TG: Com certeza o nosso objetivo é desenvolver grandes talentos. O nosso objetivo é continuar o processo final de formação dos meninos pra eles chegarem mais preparados no profissional. As competições são importantes dentro da formação dos jogadores também. Faz parte de qualquer atleta de alto rendimento, ainda mais para um atleta da potência que é o Grêmio, a necessidade de ser competitivo. A gente não usa a competição para cobrar resultado e cobrar ser campeão. A cobrança é pelo desenvolvimento do atleta na questão de competitividade. O jogador precisa saber reverter momentos difíceis dentro de uma partida, precisa saber jogar clássico, jogos de mata-mata, de final. Tudo isso faz parte da formação do atleta. Eu entendo que a formação de um jovem jogador não será completa se não tiver a competição.
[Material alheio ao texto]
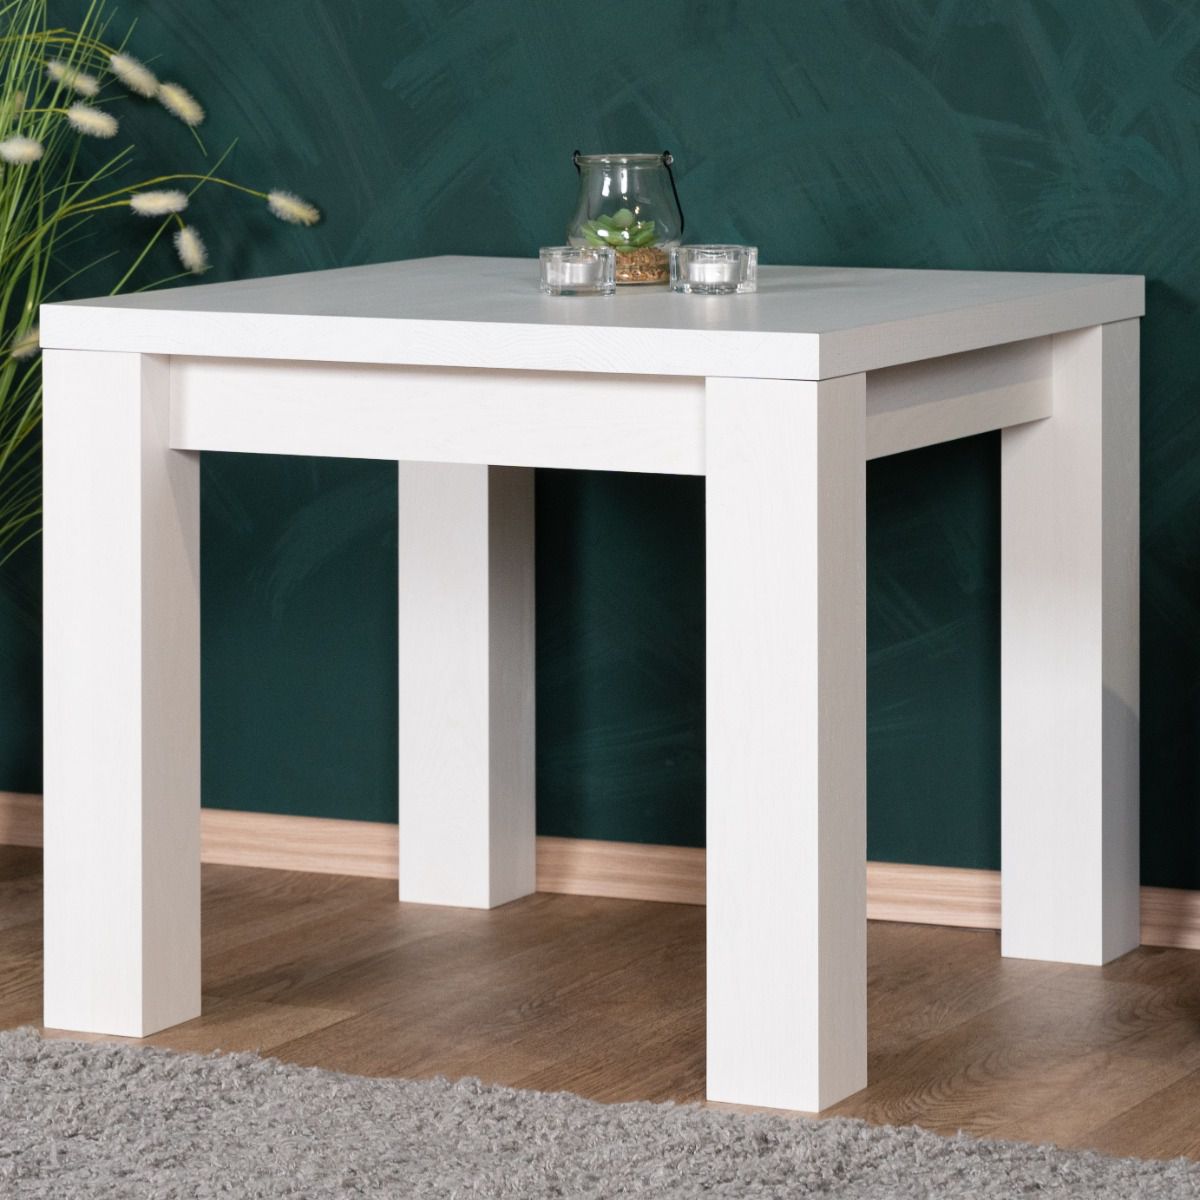 Tavolino bianco in rovere massiccio Pirol 119, 50 x 60 x 60 cm, quadrato, pratico tavolino da salotto, robusto e stabile, lavorazione di alta qualità

A competição é importante e a cobrança por resultado no Sub-23 acontece, mas não apenas por vitória e sim pelo desenvolvimento dessa questão competitiva, que a gente acredita ser muito importante na formação de jogador de alto rendimento.
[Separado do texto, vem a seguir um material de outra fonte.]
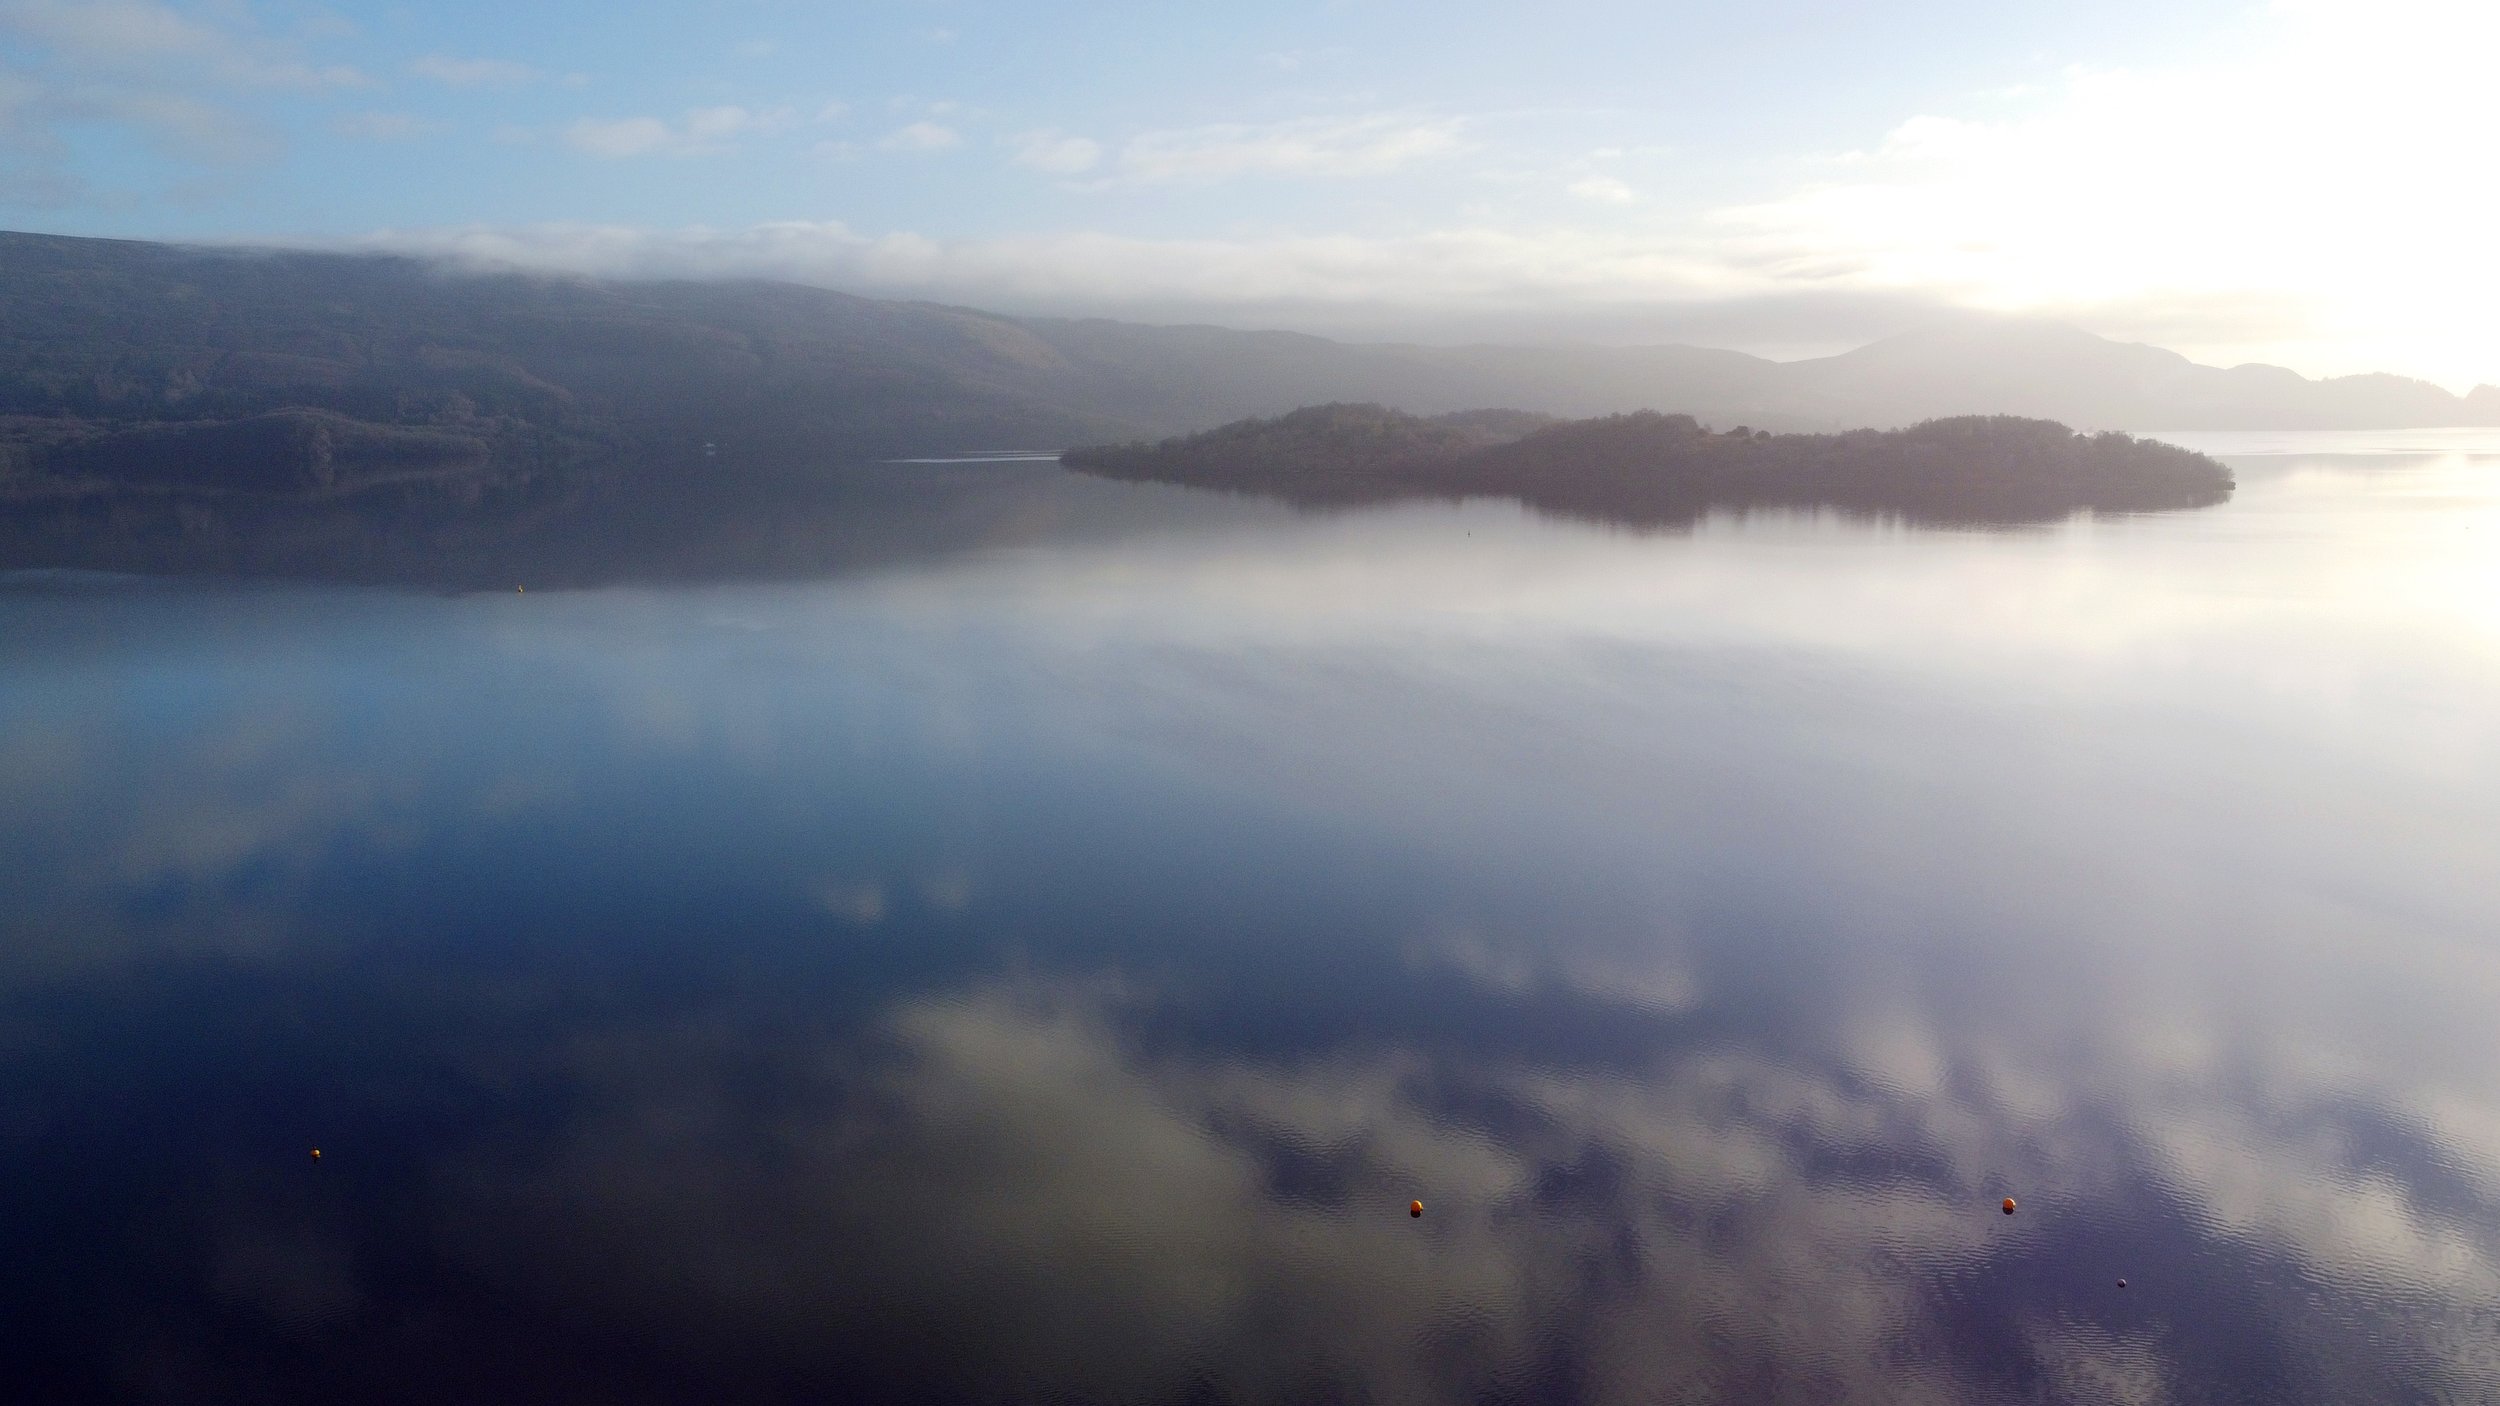  Loch Lomond in February

ZM: Gostaria de perguntar também sobre o Ferreira. Como tem sido o convívio e o comportamento dele desde que “desceu” neste ano novamente? Ele é um jogador pronto?
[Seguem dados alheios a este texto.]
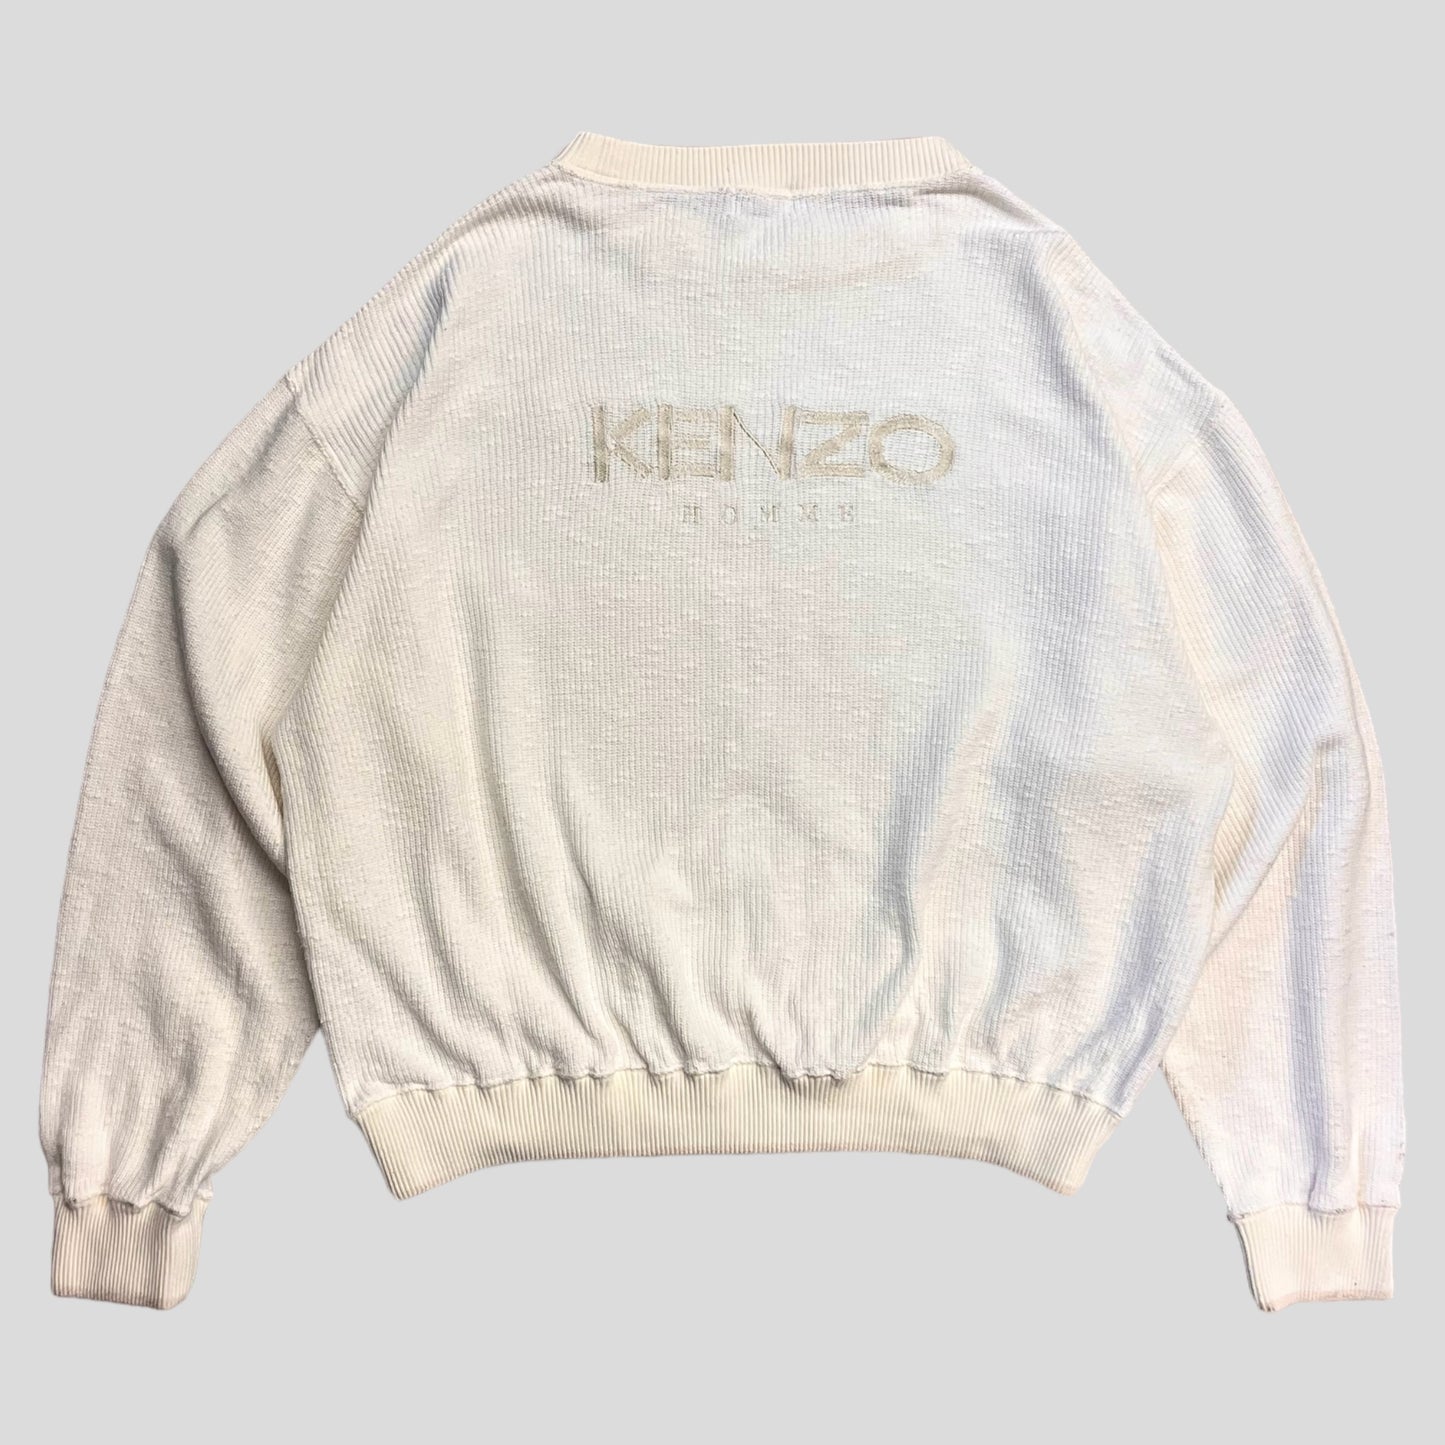 KENZO HOMME cotton sweater White

TG: O Ferreira fortalece todo o trabalho da categoria Sub-23 no sentido que é um menino que já tinha estourado a idade Sub-20, aí foi para outros clubes por empréstimo, como o Aimoré, acabou não tendo sequência, voltou para o Sub-23 e fizemos um trabalho de lapidação nele. Ele respondeu perfeitamente na questão de evolução. Virou um jogador mais inteligente taticamente para resolver os problemas do jogo. Melhorou muito a finalização, melhorou as ações defensivas. Ele é mais completo a partir do trabalho no Sub-23. E toda essa evolução veio depois que já tinha estourado a idade Sub-20. Mostra a importância de ter um projeto como o nosso. Muitos atletas acabam a sua formação depois dos 20 anos, e o Ferreira é um caso assim. Ele tem treinado com o time Sub-23 normalmente. Tem cumprido horários e feito os treinamentos que a gente pede. Ele, no momento, está com uma idade acima dos outros nossos, porque temos um grupo muito jovem. O Ferreira, hoje, tem um nível de jogo muito mais profissional do que base.
ZM: Para fechar, Thiago. Em uma eventual saída do Renato, que já está no Grêmio há quatro anos, você já se sentiria preparado para assumir o profissional do Grêmio? Esse é o seu objetivo?
TG: Eu torço para o Renato ficar muitos anos no Grêmio. Muitos anos mesmo. Além dele ser hoje, ao lado do Tite, o principal treinador do futebol brasileiro, eu me sinto privilegiado de estar trabalhando no Grêmio, que é uma honra muito grande, e ao mesmo tempo estar tão próximo do Renato. Pra mim, é evolução e aprendizado constante estar trabalhando no Sub-23, que é uma categoria abaixo do profissional. Eu posso ver o dia a dia do Renato mais de perto. Isso, pra mim, é um doutorado em futebol. Por isso que eu espero trabalhar ainda muitos anos no Grêmio para seguir tão próximo do Renato. Nesse momento, a gente está muito focado nesse trabalho no Sub-23 e eu sinceramente não penso em nada fora disso. Penso em continuar no Grêmio para trabalhar junto com esses meninos. O nosso trabalho se tornou referência no cenário nacional. Fico muito feliz e posso falar para você que no cenário internacional também. Essa semana o coordenador-técnico de um clube do Uruguai pediu o meu contato para passar para o supervisor da base do Nacional. Justamente para falar um pouco mais sobre o trabalho de formação que tenho feito com os meninos. Por isso nos tornamos referência e para mim é um honra estar à frente deste trabalho no Sub-23 do Grêmio. O foco é seguir esse trabalho e buscar desenvolver os atletas.